Thursday, September 29, 2005


I remember as an undergraduate student thinking that poets must be some of the nicest people on the planet. I had these romantic notions that since they are able to write so beautifully and think so deeply about subjects such as love, death, creativity, class, religion, etc. they must all be kind, gentle, and wise people. I also assumed that in order to be a poet (or maybe a creative writer in general), you have to be wounded in some manner. Over the years I’ve had the opportunity to work closely with or meet many poets. My belief now is that poets are like any other group of people; there is great diversity among the group. Some poets are quite nice, and some are not. Many poets are somewhere in the middle. As for the wounded assumption, I’m not sure I believe that anymore.
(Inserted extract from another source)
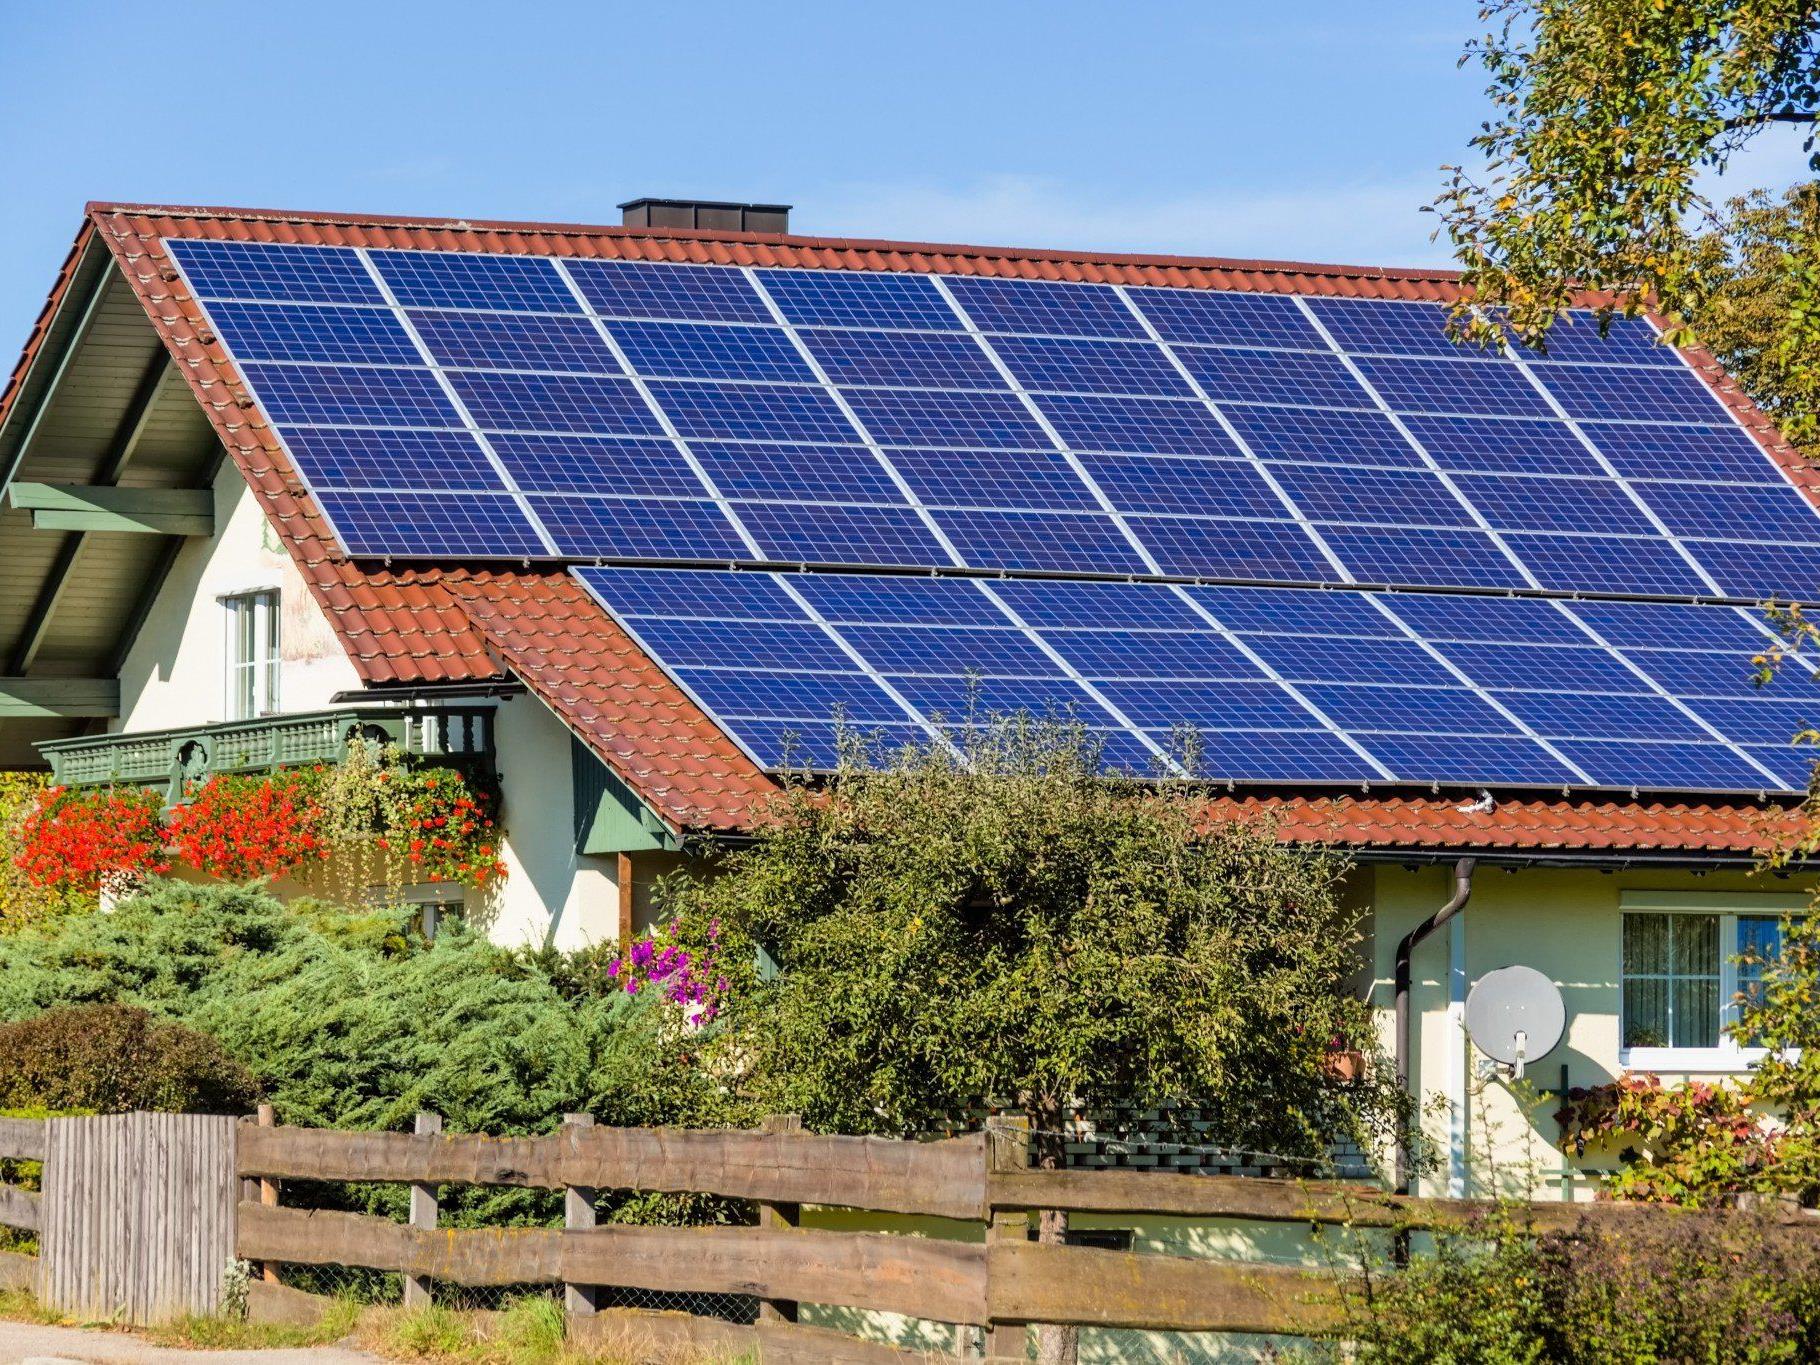 Laut der neuen Sonnensteuer ist selbsterzeugter Solarstrom abgabepflichtig. Salzburg will sich wehren.

Maybe a better word than wounded is dissatisfaction. Maybe it could be said that all poets are dissatisfied with the world in some manner, and this is part of the reason why they write poetry.

I’ve observed that poets guard their time very carefully. This makes sense. Writing is solitary activity and requires lots of time for writing and the many drafts of revision. Also, it is necessary to read—a lot. You need to know the history of poetry and what previous masters accomplished. You need to know theory such as the major feet, metrics, traditional forms, alliteration, consonance, stanzas, free verse, etc. You also need to know about contemporary poetry and what the current issues are in contemporary poetry. I’ll add that you probably need some interests outside of poetry so that you can bring something to poetry other than your personal experiences like a knowledge of visual art, jazz, astronomy, Buddhism, history, and so on.